Clinical & Translational Science Institute, National Clinician Scholars Program, Duke University.
Institute for Healthcare Policy and Innovation, University of Michigan, Ann Arbor, MI.
Med Care. 2022 Nov 1;60(11):844-851. doi: 10.1097/MLR.0000000000001771. Epub 2022 Aug 26.
Caring for a partner with dementia poses significant emotional burden and high care demands, but changes in impacts before and after dementia onset is unclear.
Examine changes in depressive symptoms and hours of care provided by caregivers through the course of their partners' cognitive decline.
Retrospective, observational study using household survey data from 2000-2016 Health and Retirement Study and count models to evaluate older individuals' (ages ≥51 y) depressive symptoms (measured using the shortened Center for Epidemiologic Studies Depression Scale) and weekly caregiving in the 10 years before and after their partners' dementia onset (identified using Telephone Interview Cognitive Status screening). Relationships were examined overall and by sex and race.
We identified 8298 observations for 1836 older caregivers whose partners developed dementia. From before to after partners' dementia onset, caregivers' mean (SD) depressive symptoms increased from 1.4 (1.9) to 1.9 (2.1) ( P <0.001) and weekly caregiving increased from 4.4 (19.7) to 20.8 (44.1) ( P <0.001) hours. Depressive symptoms and caregiving hours were higher for women compared with men. Depressive symptoms were higher for Blacks compared with Whites, while caregiving hours were higher for Whites. The expected count of caregivers' depressive symptoms and caregiving hours increased by 3% ( P <0.001) and 9% ( P =0.001) before partners' dementia onset and decreased by 2% ( P <0.001) and 1% ( P =0.63) following partners' dementia onset. No differences observed by sex or race.
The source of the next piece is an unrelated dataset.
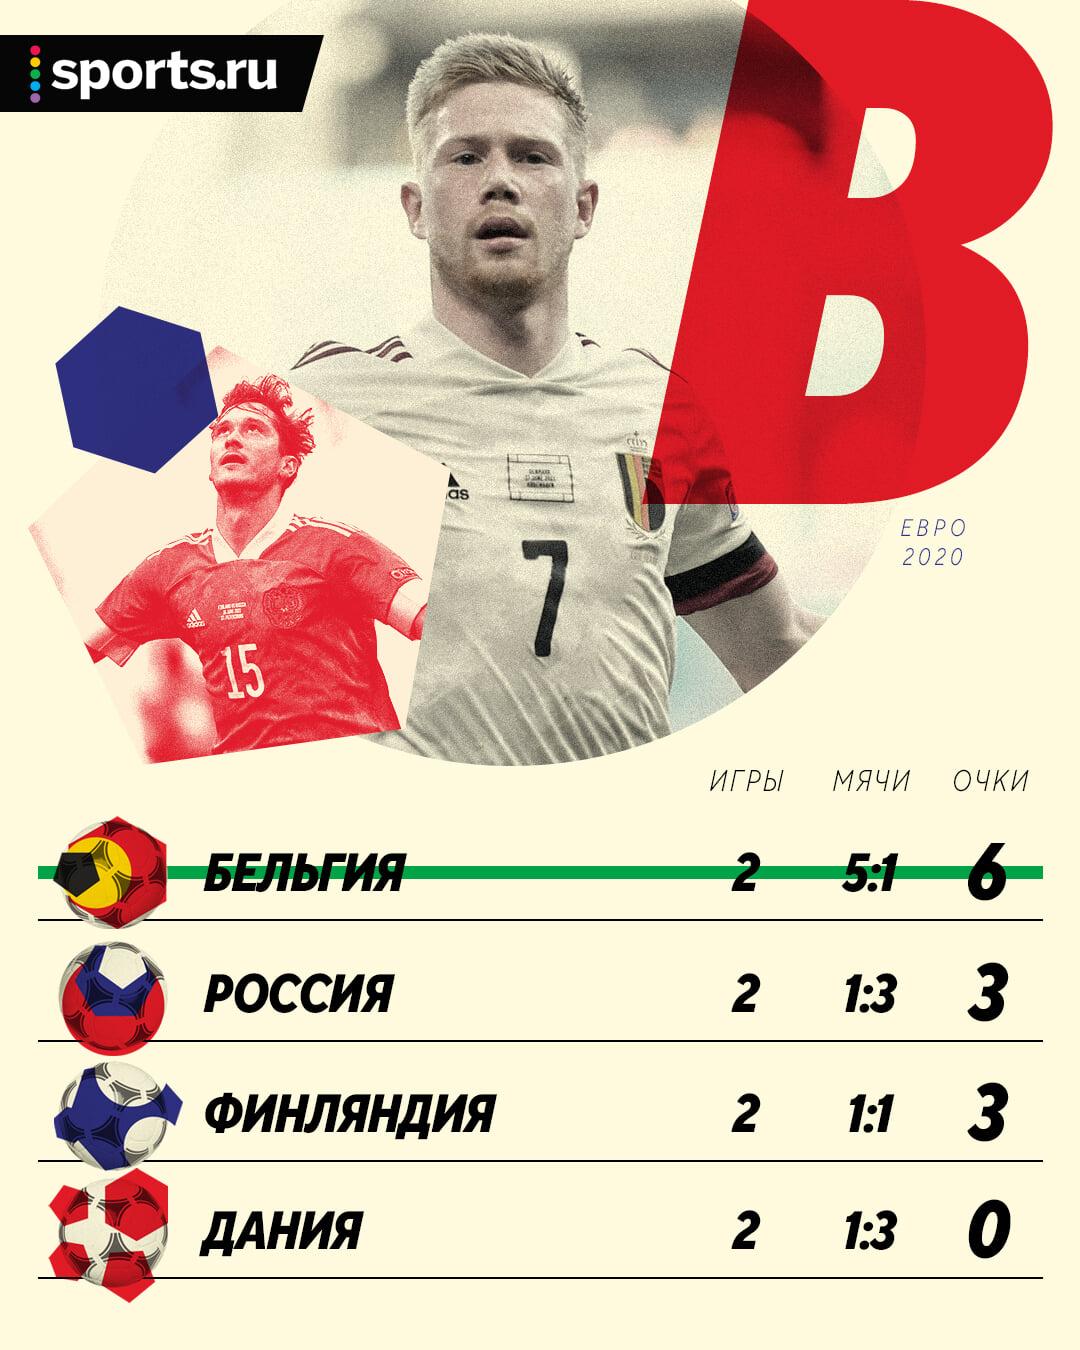 Расклады России в борьбе за плей-офф Евро: ничьей хватит, а поражение (даже 0:1) – почти крест

Depressive symptoms and instrumental burdens for caregivers increase substantially before the onset of dementia in partners. Early referral to specialty services is critical.
照顾患有痴呆症的伴侣会带来巨大的情感负担和高需求的护理,但在痴呆症发病前后,这些影响的变化尚不清楚。
通过对伴侣认知能力下降过程中的数据进行回顾性观察研究,来评估痴呆症发病前后,护理人员的抑郁症状和护理时间的变化。
使用 2000-2016 年健康与退休研究(Health and Retirement Study)的家庭调查数据进行回顾性观察研究,并使用计数模型来评估年龄在 51 岁及以上的个体(年龄≥51 岁)在其伴侣痴呆症发病前 10 年和发病后(通过电话访谈认知状态筛查确定)的抑郁症状(使用简化版流行病学研究中心抑郁量表进行测量)和每周的护理时间。研究还考察了不同性别和种族的情况。
我们共识别出 1836 名患有痴呆症的老年护理人员的 8298 个观测值。从伴侣痴呆症发病前到发病后,护理人员的平均(标准差)抑郁症状从 1.4(1.9)增加到 1.9(2.1)(P <0.001),每周护理时间从 4.4(19.7)增加到 20.8(44.1)(P <0.001)小时。与男性相比,女性的抑郁症状和护理时间更高。与白人相比,黑人的抑郁症状更高,而白人的护理时间更高。在伴侣痴呆症发病前,护理人员的抑郁症状和护理时间预期计数分别增加了 3%(P <0.001)和 9%(P =0.001),在伴侣痴呆症发病后分别减少了 2%(P <0.001)和 1%(P =0.63)。未观察到性别或种族差异。
在伴侣痴呆症发病前,护理人员的抑郁症状和护理负担会显著增加。早期向专业服务机构转介至关重要。